Serving¶

The serving layer exposes trained models as an operational inference service. It is deployed on Kubernetes, receives predictions requests over HTTP, dispatches inference tasks to Celery workers, and returns structured probability output.

See Current Serving Status for a full readiness matrix.

Responsibilities¶

The serving layer is responsible for:

exposing the canonical inference API (sync and async prediction endpoints),
validating request schemas before any inference logic runs,
dispatching inference tasks to the Celery ml queue,
loading the registered model from the MLflow Registry (once per worker process),
returning structured prediction output with model traceability metadata,
surfacing health and operational metrics.

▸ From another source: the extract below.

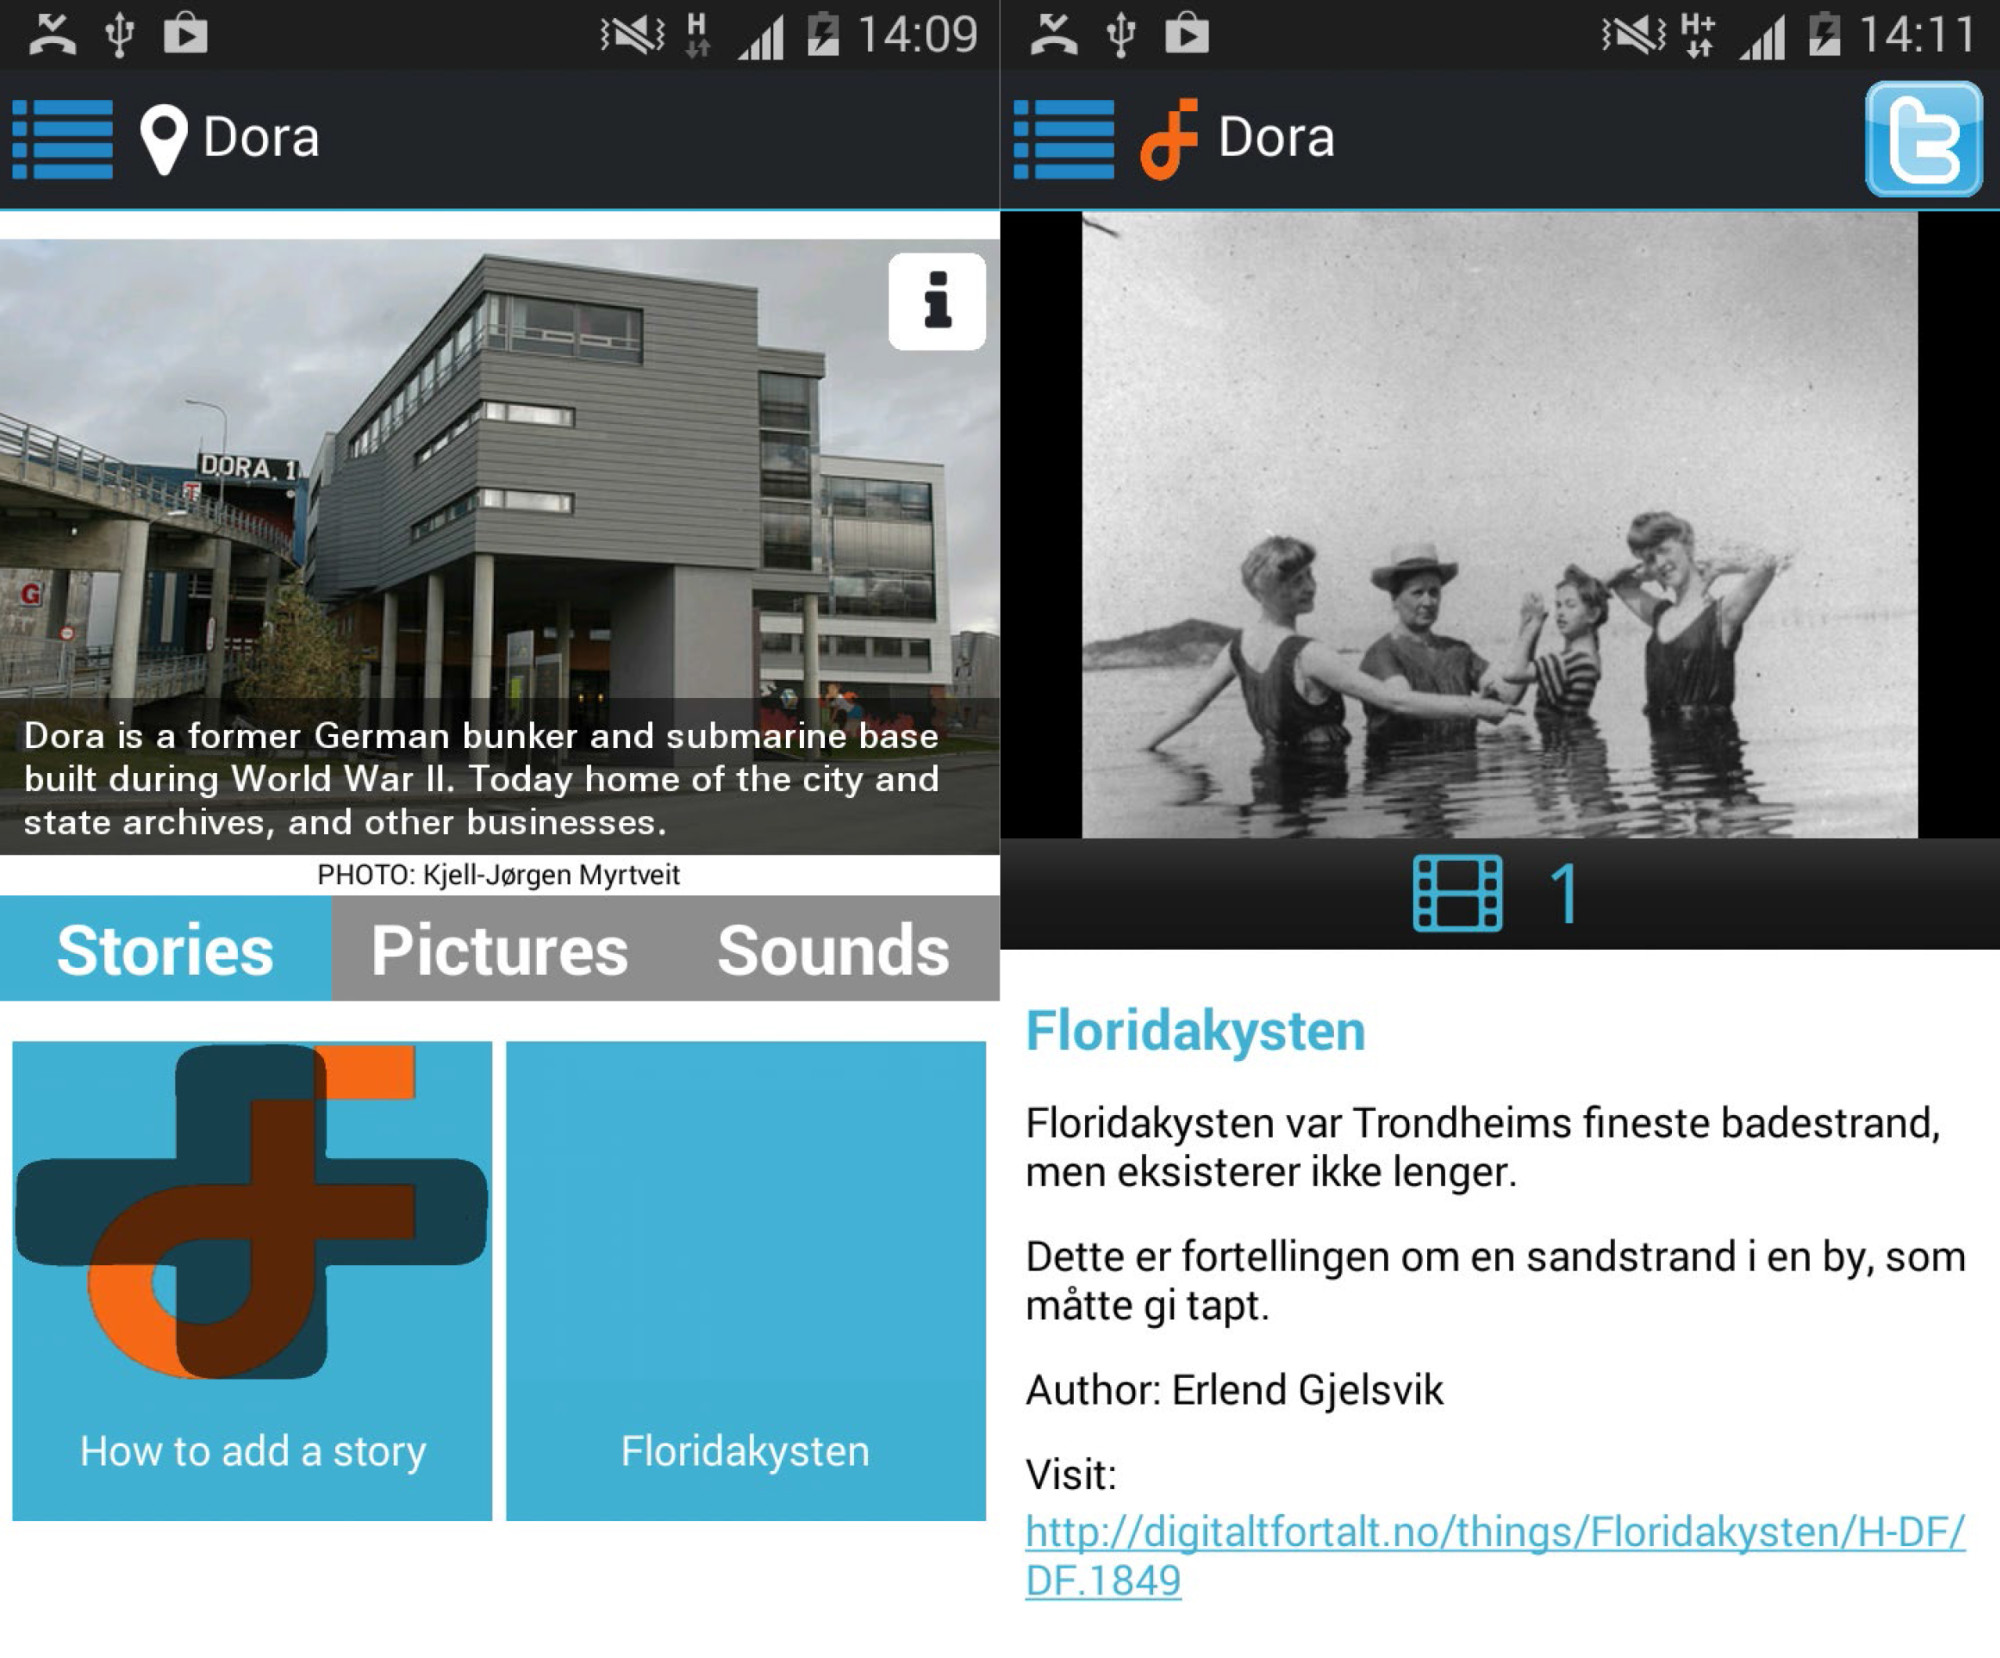 This is what the app looks like. Behind the photo of the wartime bunker Dora is the story of a lost sandy beach that people used to call 'Floridakysten' (the Florida coast).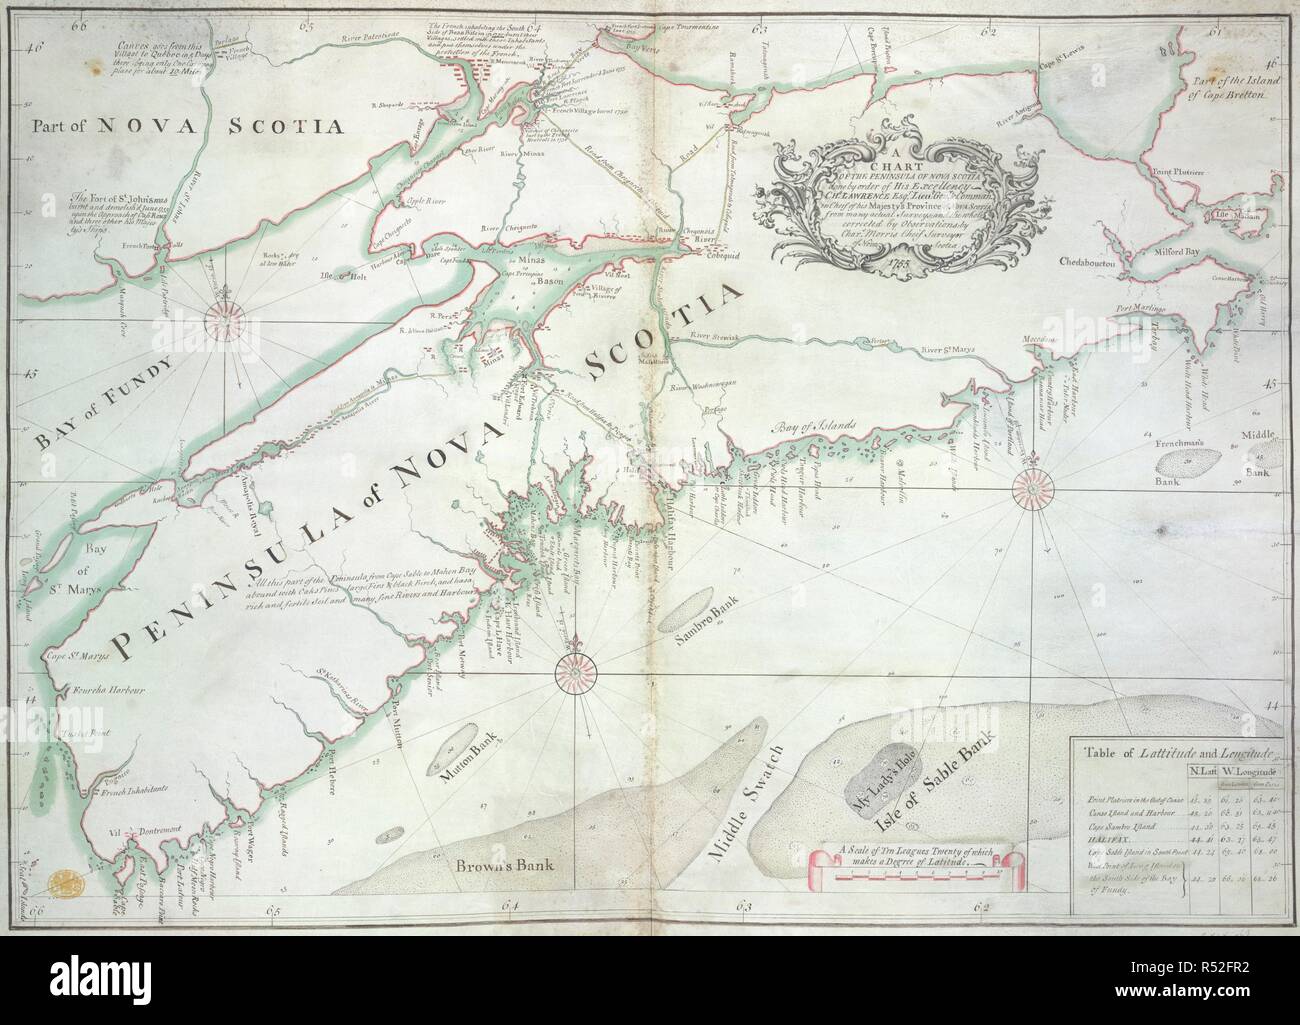 A chart of the peninsula of Nova Scotia. A CHART OF THE PENINSULA OF NOVA SCOTIA / done by order of His Excellency CHS. LAWRENCE Esqr. Lieut. Govr. & Commr. in Chief of his Majesty's Province of NOVA SCOTIA from many actual Surveys; and the whole corrected by Observations: by Chars. Morris Chief Surveyor of Nova Scotia 1755. [Halifax?] : by Chars. Morris Chief Surveyor of Nova Scotia, 1755. Source: Maps K.Top.119.57. Language: English. Stock Photo

The serving layer is not responsible for:

training or evaluating models — see ML,
promoting models between registry stages — see Model Registry,
scraping or storing raw data — see Data.

Scope of this section¶

Page	Content
API Contract	Canonical endpoint set, request/response schemas, error semantics
Examples	Concrete cURL and Python examples for all implemented endpoints
Inference Modes	Sync vs async execution paths and operational trade-offs
Deployment	Serving-specific runtime components, configuration, model loading
Health & Failures	Health probes, degraded-mode behavior, failure responses
Performance	Latency behavior, SLO targets, interpretation guide
Status	Authoritative readiness matrix for the serving subsystem

Boundaries¶

High-level runtime design and sequence diagrams belong in Architecture: Runtime View.
Physical topology and deployment constraints belong in Architecture: Deployment View.
Model input/output contract belongs in ML: Model Contract.
Model promotion lifecycle belongs in ML: Model Registry.
Global implementation readiness belongs in Status.

This section deepens those topics for the inference API subsystem specifically.